I tried the same tactic I used the last time I ran this race. I went out carefully know we would hit the first bridge about 1.5 miles into the race. I was about :20 slower for my first mile than I had been in 2011 and thought, okay, I can hold this. I was fine going up the bridge the first time and proceeded to pick off people. But I could feel my pace was lagging. By the time I hit the bridge the second time I was one hurting puppy. I was still catching people but I just couldn't get a good rhythm.
I never looked at my watch after the first mile and was merely hoping to break 50 minutes. I ran 51 flat, 4:30 slower than what I managed the last time I ran this race. The lack of speed is due in part because I just haven't pushed myself in most of my runs. The other problem is my weight. I'm about 8 to 10 pounds heavier than I was in 2011.
I was stressed out in 2011 because of my job or lack thereof. The stress suppressed my appetite, plus I was training a lot better. I can lose the weight. And I am slowly adding more miles and plan to add some intensity. The most important thing is I wasn't really tired when I finished. That tells me I might be able to run the half marathon I have planned in January a minute or so faster than I did last year.

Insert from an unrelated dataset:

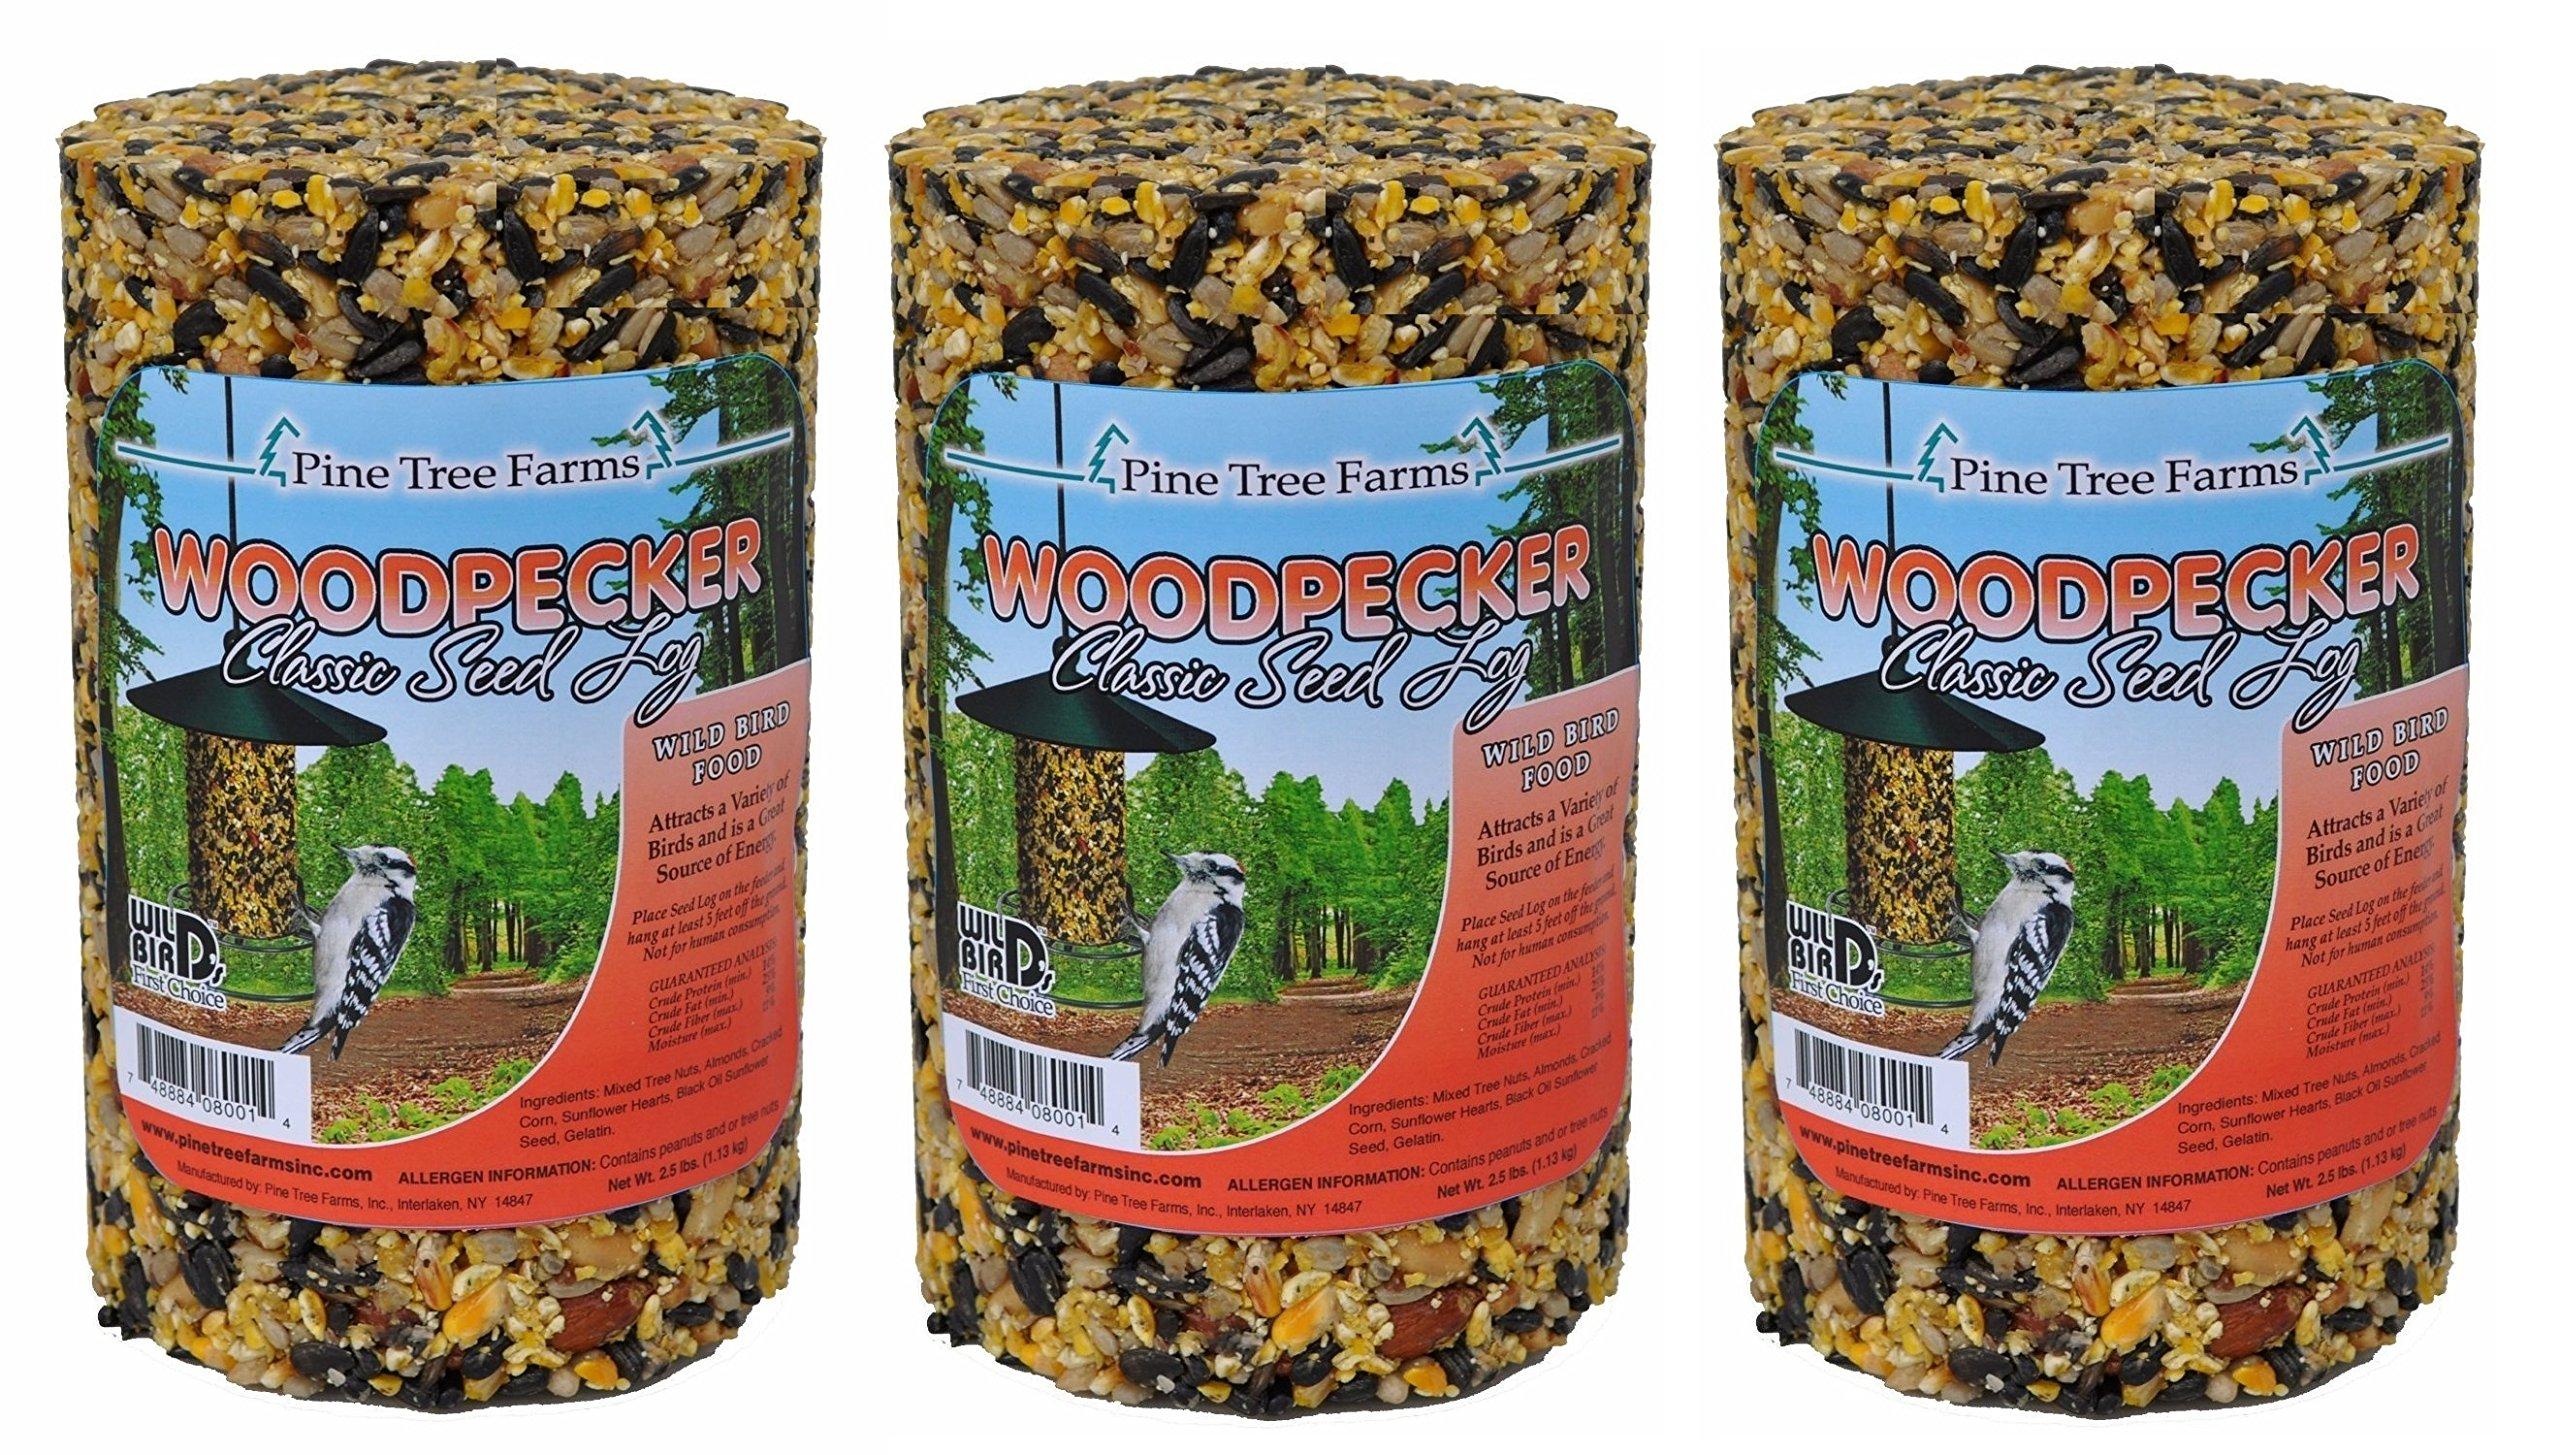 (Pack of 3) Pine Tree Farm Woodpecker Classic Seed Log, 40-Ounce

I have a 5K on tap next week. I am going to try and take it out a lot harder than I did today and hold on for dear life. I've got to learn to hurt again. You know, no pain, no gain, and maybe I can ungain some of these lbs!
Hi John, a little over 5'' / km is respectable. Nevertheless, you have identified the root cause impeding better performance : weight. I suspect every pound over your optimal weight costs you as much as 10 seconds per kilometre. Monitoring your nutrition would probably make sense if you are not already doing so. The problem is that our training is constrained by risk of injury (and by the time we can afford to devote to it), so we can't really count on building up mileage to reduce our weight. If we could run 120 miles a week without totally wrecking our physical state, we would be back to the body mass we had at 18 years of age. Impossible in my opinion. The other parameter is diet. But I'm probably preaching to the converted.
ReplyDeleteBTW, did you see the NCAA film of the Division I cross country championships ? Really, really nicely filmed and a great race. By googling or binging NCAA Cross Country 2013, it comes right up.